Adi is *always* my puppy teacher as she is bombproof! I trust her, she will tell the youngsters the way it is but would never in a million years harm them. She adores puppies, kitties and children...my true sidekick!


----------



## Ninde'Gold (Oct 21, 2006)

That is one gorgeous puppy! A Rotti would be my 2nd choice after a Golden. 

I love the picture of her and Adi, so precious.
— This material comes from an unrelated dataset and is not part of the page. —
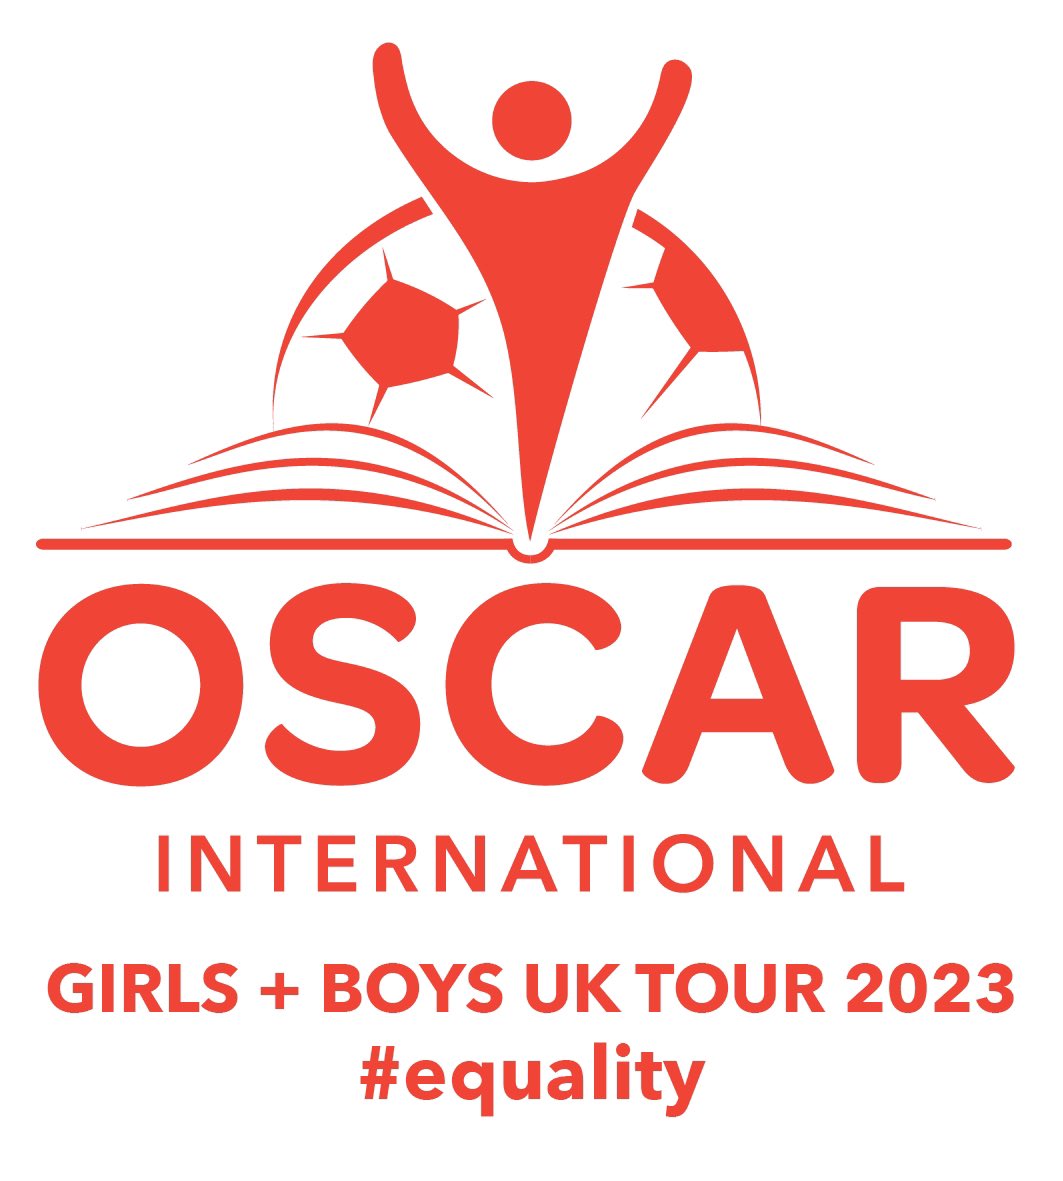 The OSCAR community in India & schools across the U.K. are grateful for your support & excited to work with you. #OSCARUKTOUR23 #educationwithakick #movementforgood #CharityTuesday #education #EducationForAll #Equality

Will Gemma be strictly a pet? Or do you want to get into fun stuff with her like Schutzhund training.


----------



## arcane (Sep 18, 2007)

goldhaven said:


> She is adorable. How old is she? I love all of the photos. She has a beautiful face.


she is 8 weeks today!


----------



## arcane (Sep 18, 2007)

Ninde'Gold said:


> That is one gorgeous puppy! A Rotti would be my 2nd choice after a Golden.
> 
> I love the picture of her and Adi, so precious.
> 
> Will Gemma be strictly a pet? Or do you want to get into fun stuff with her like Schutzhund training.


at this point she was purchased as a pet! who know what the future will hold  no puppies though!!!!


----------



## Ninde'Gold (Oct 21, 2006)

Are ya sure no puppies? She looks like she'd make some awfully cute puppies


----------



## ashleylp (Jul 23, 2011)

We have a friend with a rottie and when him and Remy play it's nice a noisy, but so gentle and fun!

I also heard a story about a family that got into an accident with their dog in the car... the family didn't make it but the dog was found at the scene of the accident two weeks later sleeping on a pile of his owner's things that had scattered in the wreck. He had piled them up and made a little bed, waiting for his owners to return. Just writing this out made me cry again... they are so incredibly loyal.


----------



## MercyMom (Dec 19, 2011)

Wow! She is a beauty and a gem!


----------



## Hearts of Gold (Dec 18, 2010)

Need..... More..... Photo's :new (13):


----------



## arcane (Sep 18, 2007)

Hearts of Gold said:


> Need..... More..... Photo's :new (13):


COME VISIT! .....take some! :--smirk::eclipsee_


----------



## OutWest (Oct 6, 2011)

Congrats on the new addition. Rotties are just wonderful dogs, especially if you get them as puppies and raise them well which you undoubtedly will! You will have a very loving and excellent protector. They're great with kids and puppies too. Keep posting pictures. She sure is cute!


----------



## arcane (Sep 18, 2007)

*Gemma is a teen LOL*

thought I would update with a 6 month old shot, this was a month ago, she is coming up on 7 mos now!!!!!!


----------



## HolDaisy (Jan 10, 2012)

She's sure grown up into a gorgeous girlie


----------



## arcane (Sep 18, 2007)

HolDaisy said:


> She's sure grown up into a gorgeous girlie


thank you  i hope she starts to fill out soon as right row she looks lanky like a Dobie!!! lol


----------



## Ninde'Gold (Oct 21, 2006)

Arcane's Golden Retriever and Rottweiler puppies!?    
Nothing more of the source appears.